Les poissons d’eau froide comme la truite ont une stratégie pour survivre à la chaleur extrême : se déplacer vers des refuges thermiques. Les refuges thermaux sont des zones dans une rivière où l’eau plus froide se déverse dans l’eau plus chaude du ruisseau, créant ainsi une « zone d’eau froide ». Cela peut être dû à l’infiltration d’eau souterraine dans le cours d’eau à certains endroits ou même au fait qu’un cours d’eau plus petit et bien ombragé rejoint une rivière plus grande, créant ainsi un panache d’eau plus froide.
Jason Vokoun, professeur et chef du Département des ressources naturelles et de l’environnement du Collège d’agriculture, de santé et de ressources naturelles, et titulaire d’un doctorat. L’étudiant Christopher Sullivan étudie la truite dans les refuges thermaux le long de la rivière Housatonic pour mieux comprendre ce phénomène.
Leurs récentes découvertes ont été publiées dans Écosphère et a constaté que tous les refuges thermiques ne sont pas égaux.

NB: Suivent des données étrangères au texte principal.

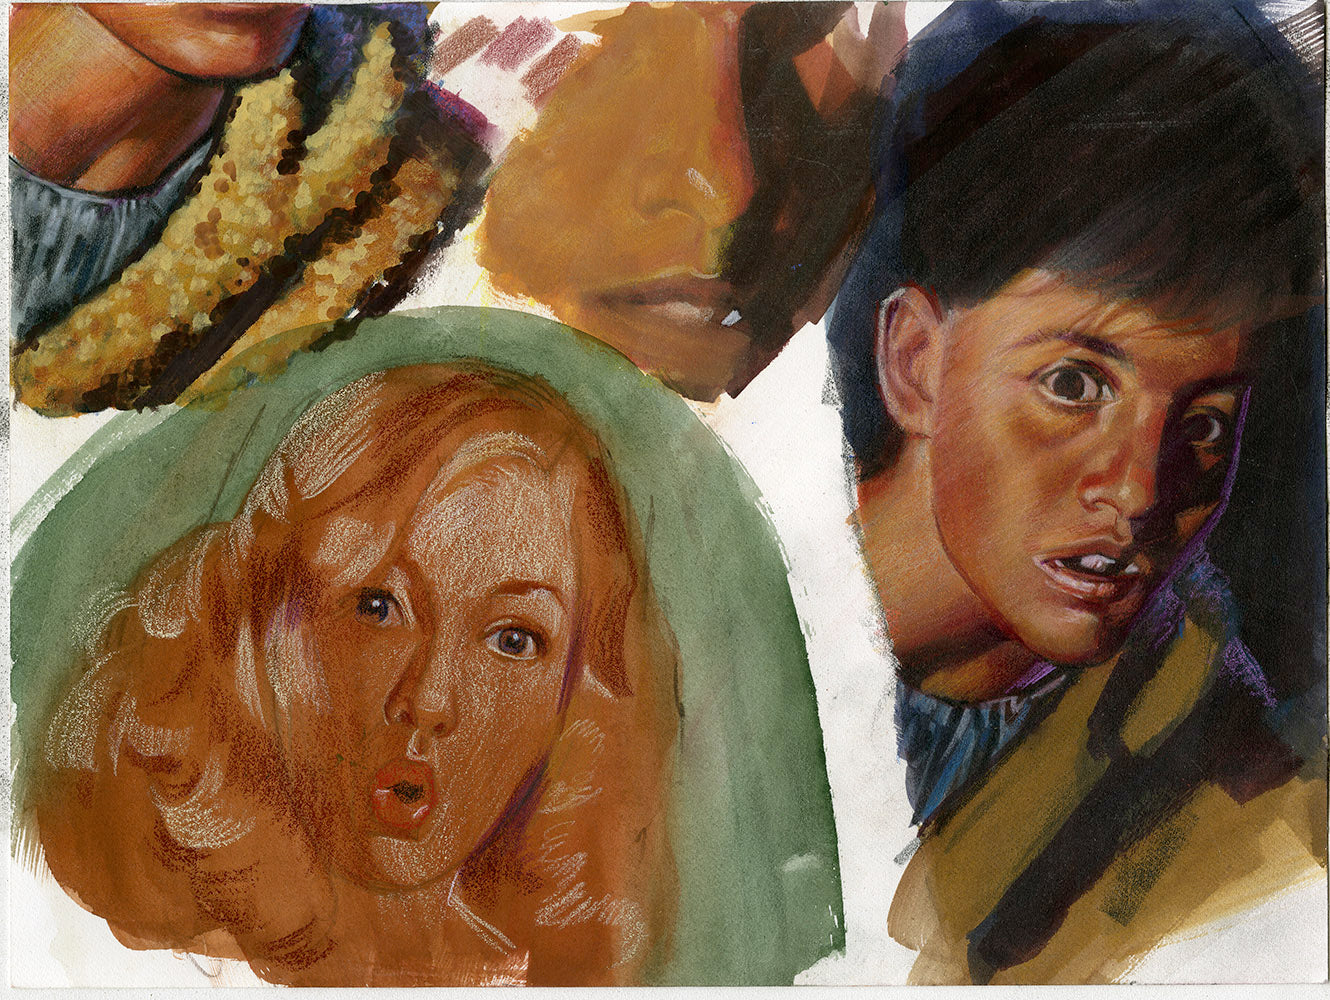 Surprised Faces Study Copies of Andrew Loomis (double sided)

« Ce qui est vraiment intéressant à propos des refuges thermaux, c’est que, il y a plusieurs années, les gens les considéraient comme de simples zones d’eau froide », explique Sullivan. « Mais ce que nous découvrons, c’est que leur configuration et d’autres attributs, en plus des conditions météorologiques à long terme, ont tendance à être des déterminants importants de la manière dont les poissons (et combien) les utilisent. »
Le refuge thermal idéal est grand, profond et sa température est nettement inférieure à celle de l’eau environnante. À l’aide de caméras sous-marines, les chercheurs ont observé que ces refuges abritaient la plus grande abondance de poissons lors d’une canicule estivale en 2022.

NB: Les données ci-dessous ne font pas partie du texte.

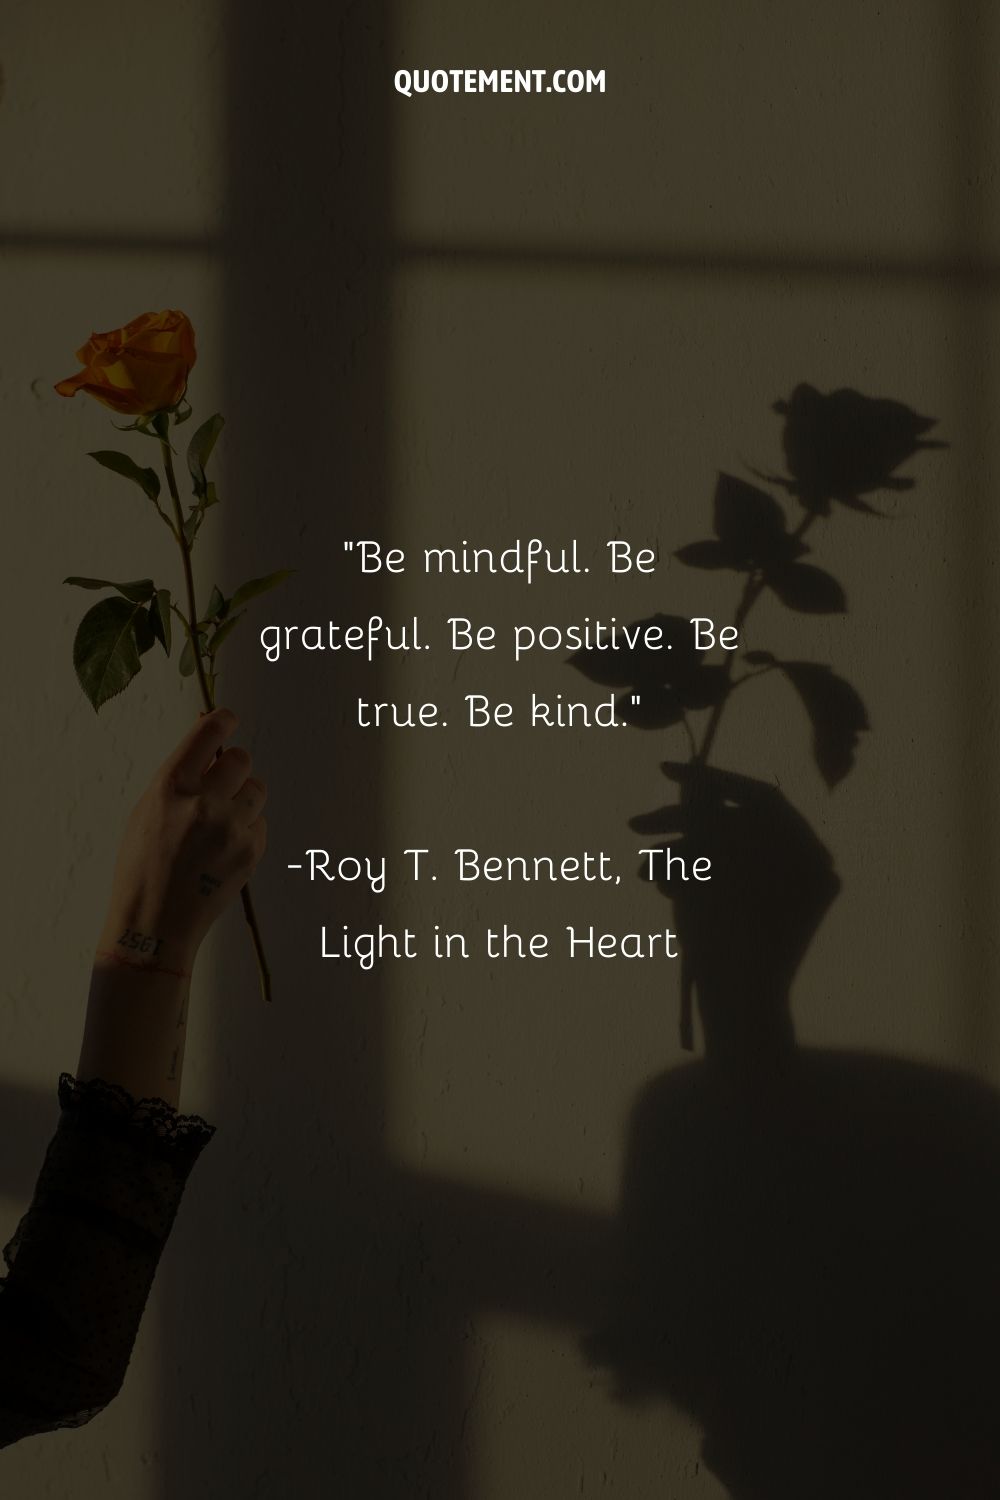 Be mindful. Be grateful. Be positive. Be true. Be kind.

Pendant la vague de chaleur, les températures du cours principal de la rivière ont atteint 30 degrés Celsius (ou 86 degrés Fahrenheit) pendant la journée. La truite tolère confortablement des températures de l’eau allant jusqu’à 17 degrés Celsius, ou 63 degrés Fahrenheit, mais doit utiliser des refuges thermiques lorsque les températures dépassent 23 à 24 degrés Celsius, ou 73 à 75 degrés Fahrenheit.
Les refuges étaient, en moyenne, de un à trois degrés Celsius plus frais que l’eau de la rivière environnante, allant d’un demi-degré à six degrés Fahrenheit de moins. Les superficies des refuges variaient d’assez petite à grande (11 à 352 mètres carrés).
Les chercheurs ont également découvert que le gradient de la rivière, c’est-à-dire la baisse de l’élévation de la surface de l’eau dans le cours principal de la rivière, à proximité du refuge thermal, importait également. Une rivière à pente plus élevée crée des eaux plus turbulentes, qui sont peut-être moins attrayantes pour les truites stressées par la chaleur.
L’étude a révélé que l’abondance des poissons dans les refuges thermiques a considérablement fluctué pendant la vague de chaleur, ce qui suggère que les poissons quittaient souvent le refuge. Étant donné que les refuges thermaux ont tendance à avoir très peu de proies pour les truites, Sullivan explique qu’ils pourraient partir chercher de la nourriture dans le cours principal de la rivière.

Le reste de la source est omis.